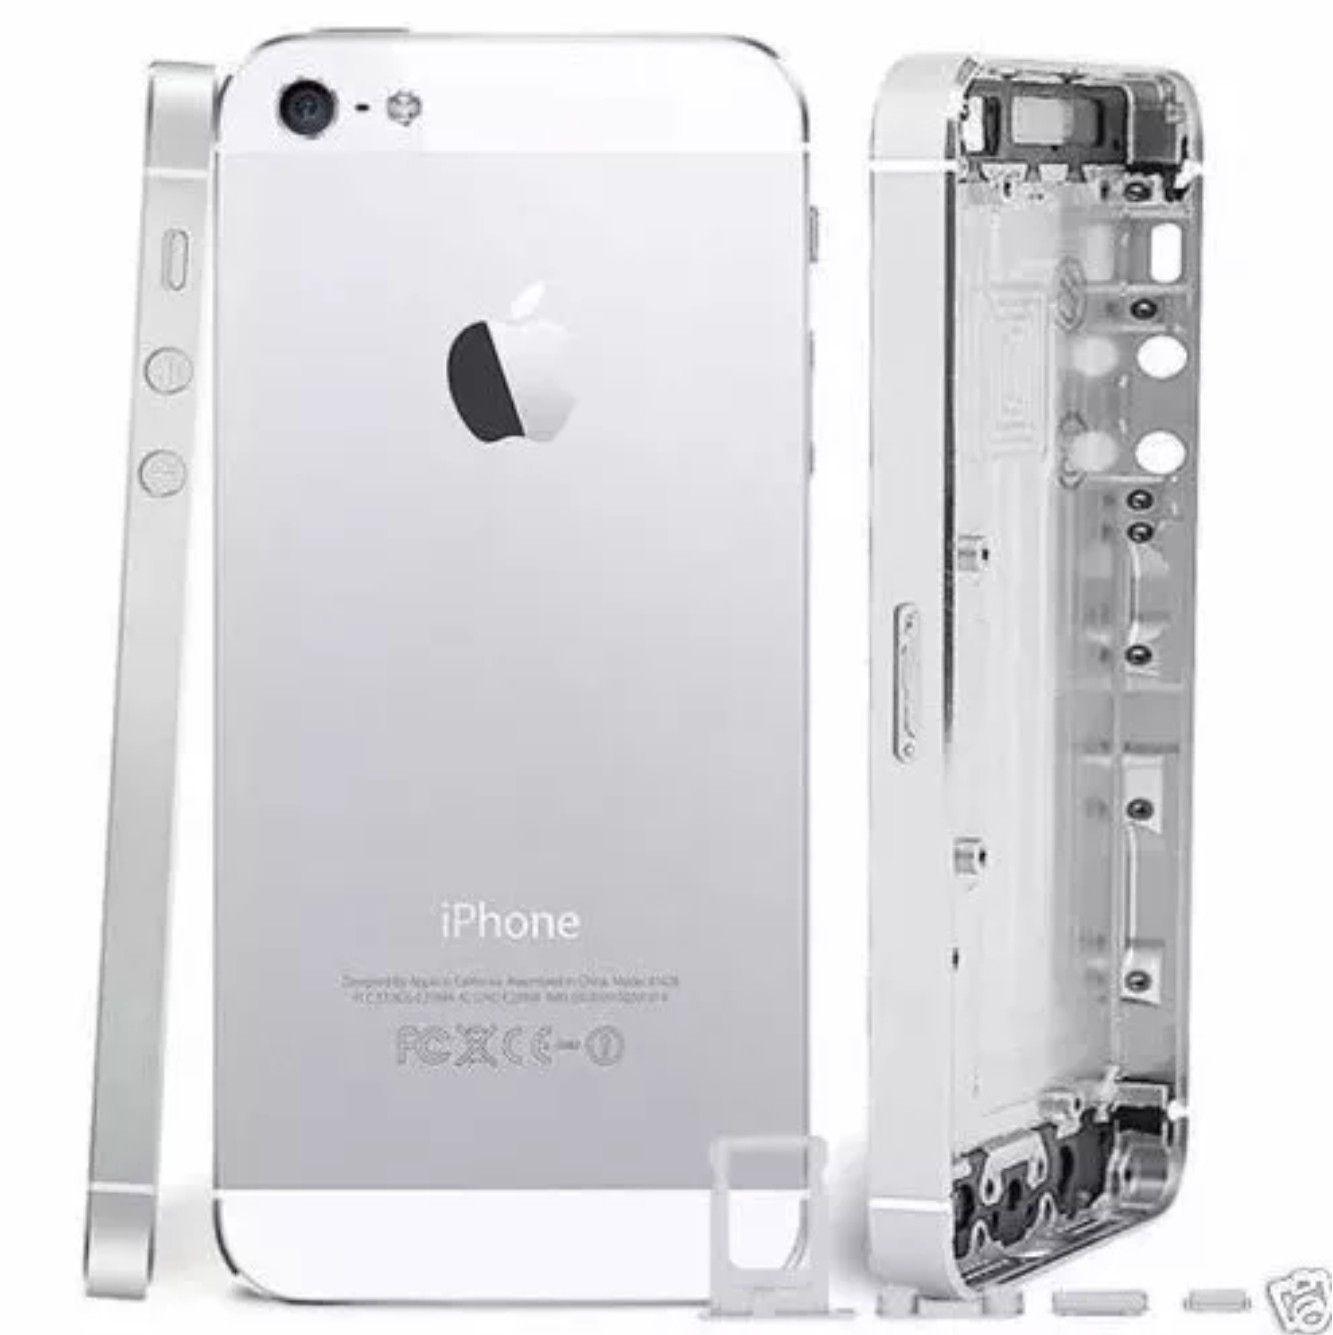 Carcaça Completa Iphone 5 5g
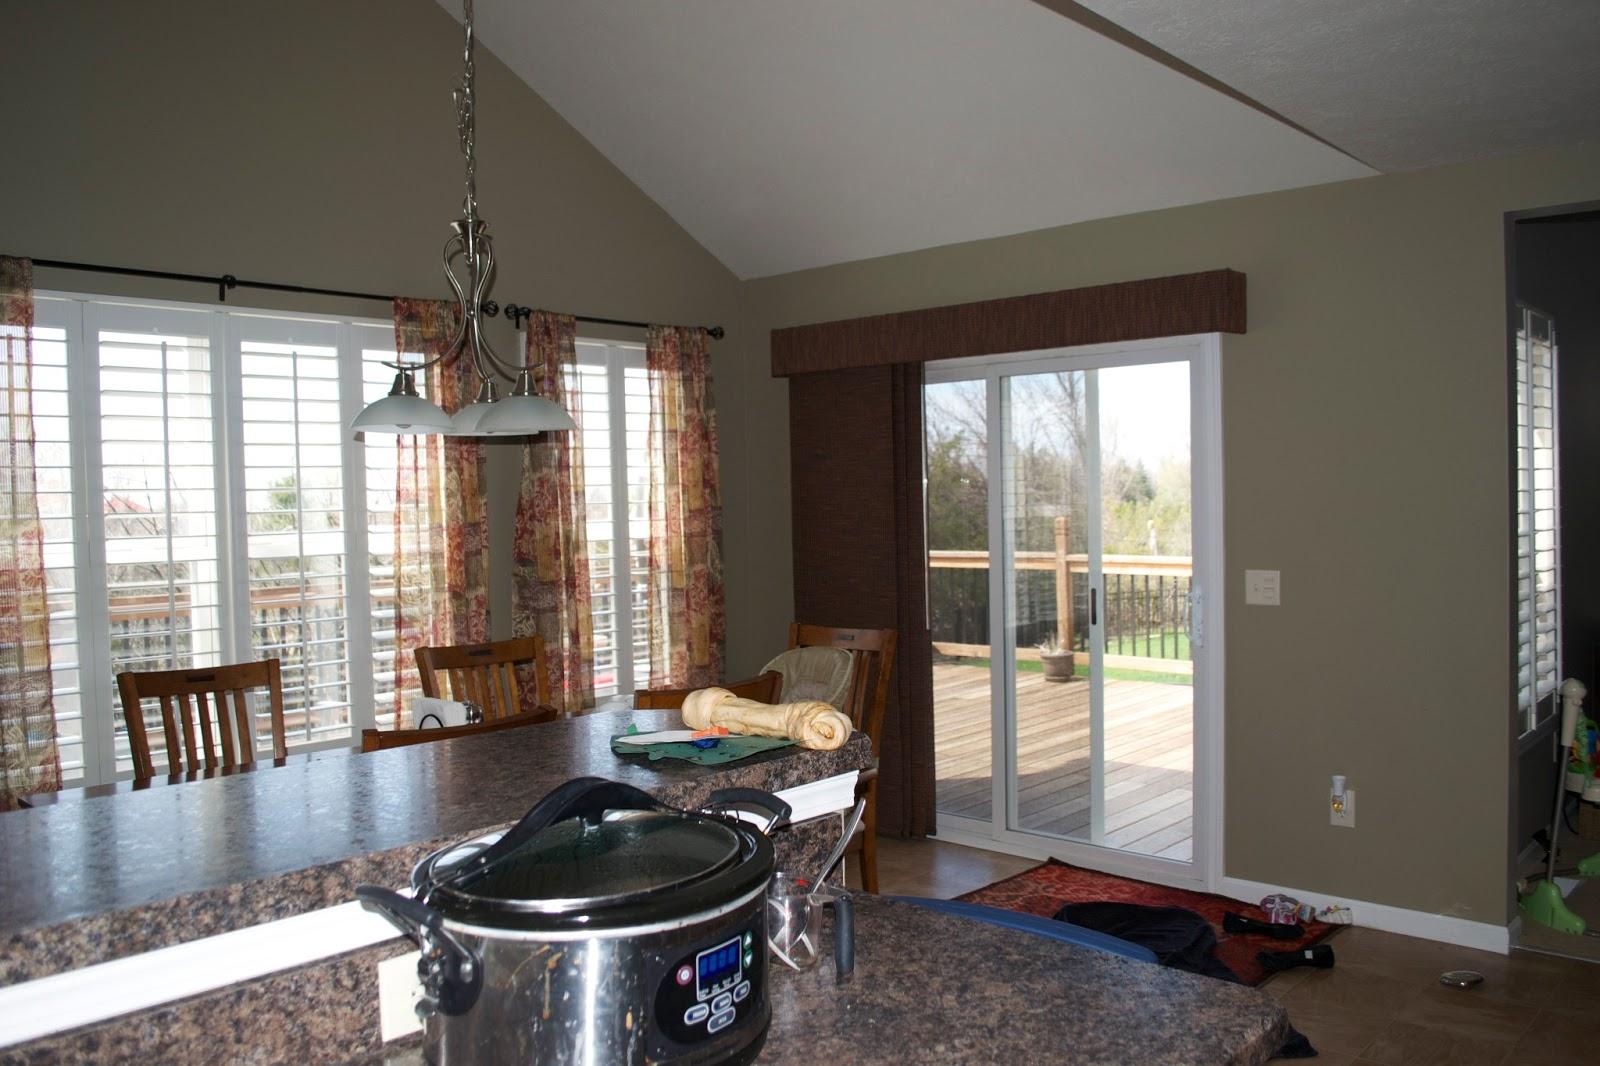 C B I D Home Decor And Design Non Sterile Kitchens
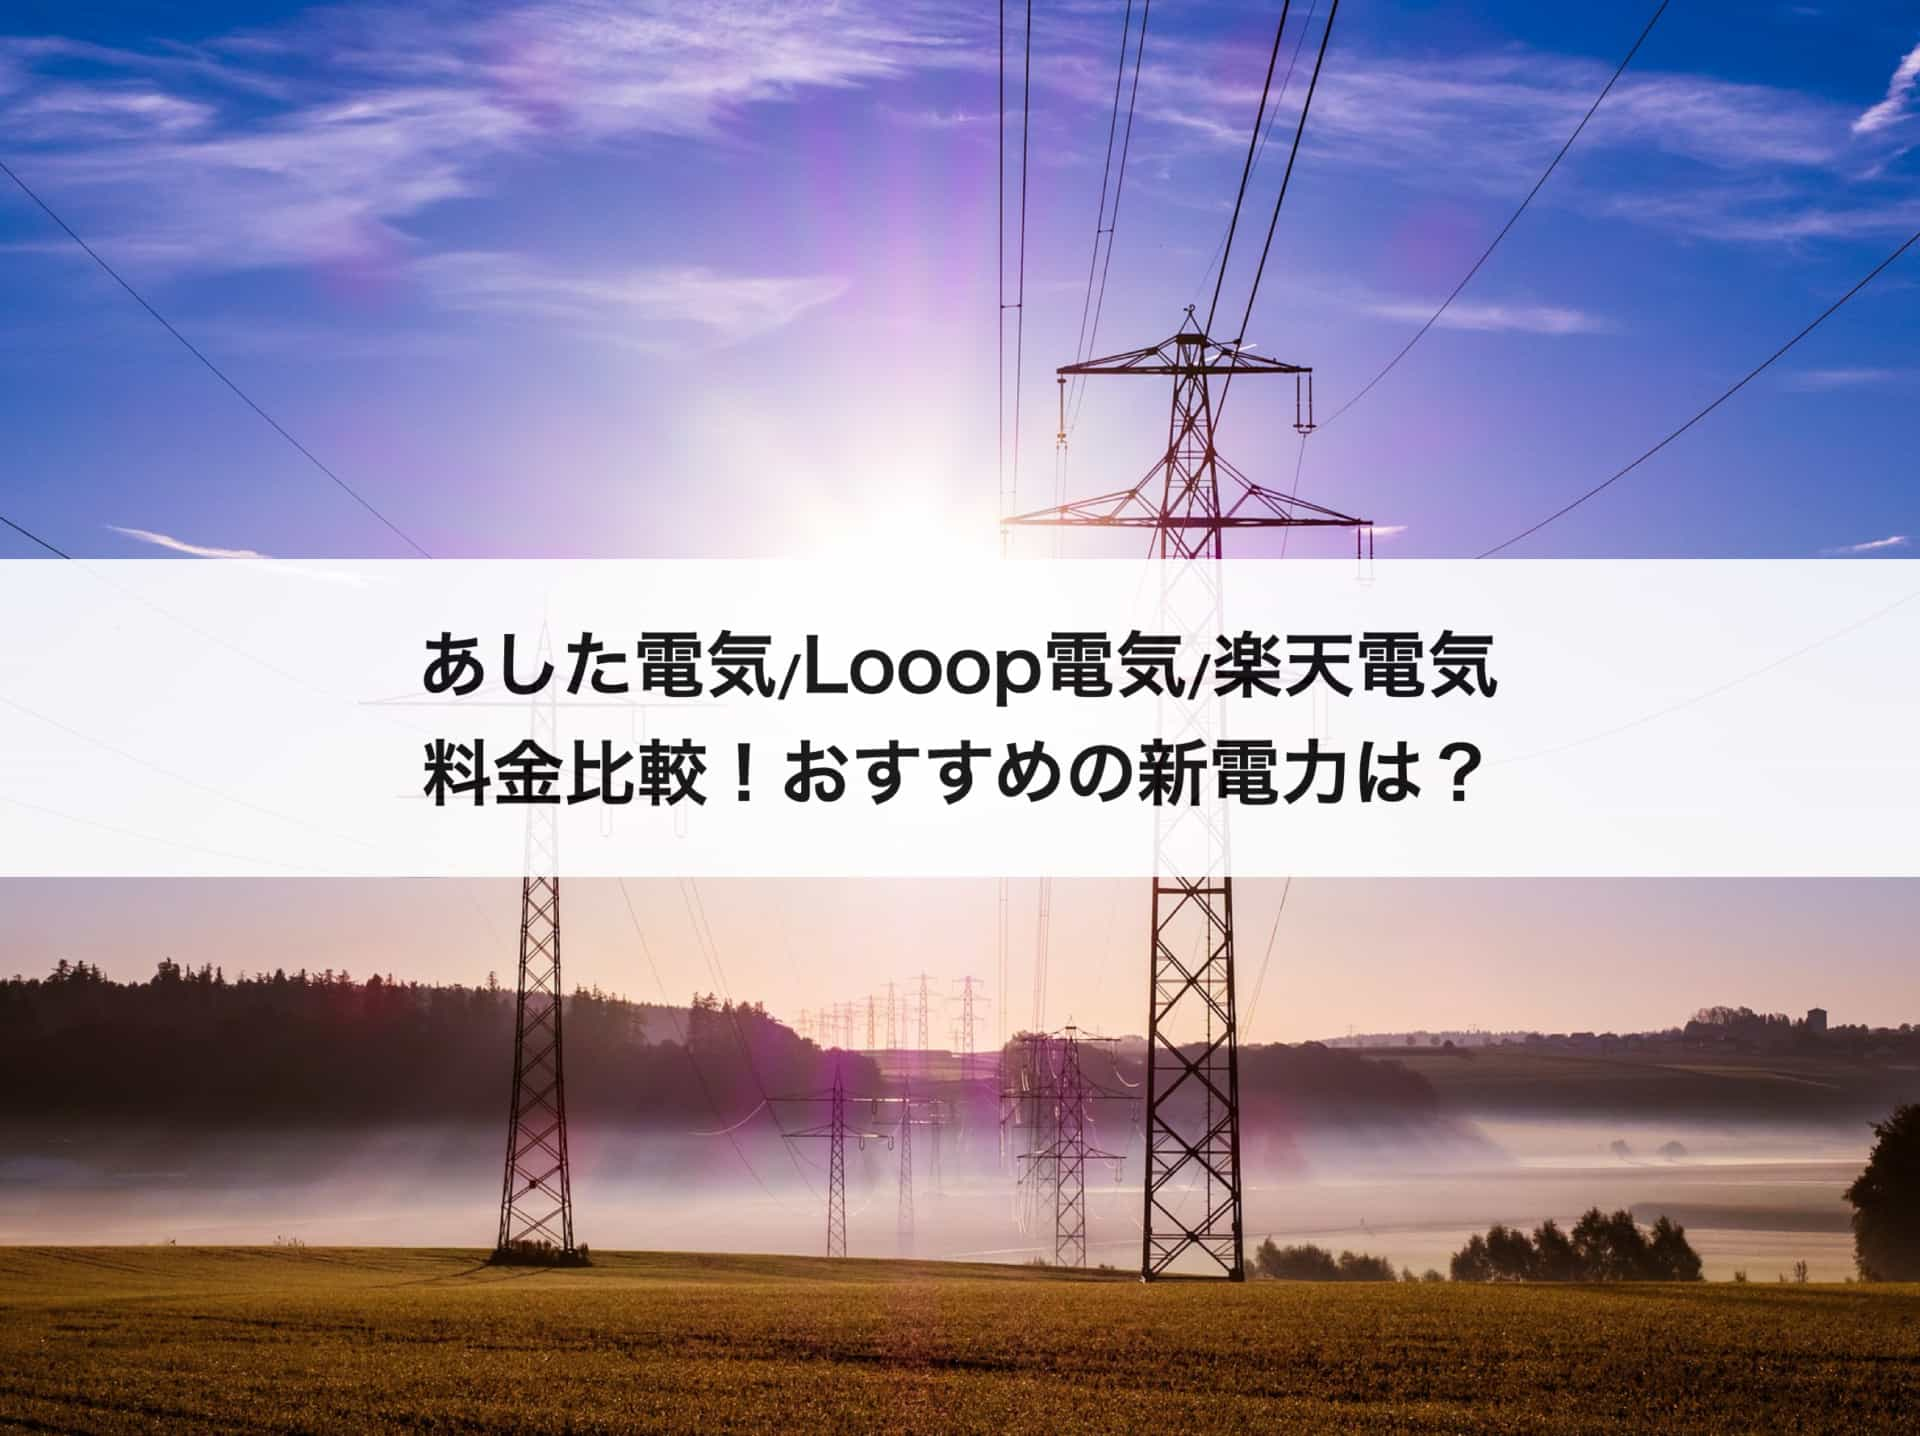 あしたでんき・Looopでんき・楽天でんきの料金比較|おすすめの新電力は?
=====
* What the task asks
Retype all of the material above exactly; the pictures stay out.

* Solution to this problem
 Carcaça Completa Iphone 5 5g
 C B I D Home Decor And Design Non Sterile Kitchens
 あしたでんき・Looopでんき・楽天でんきの料金比較|おすすめの新電力は?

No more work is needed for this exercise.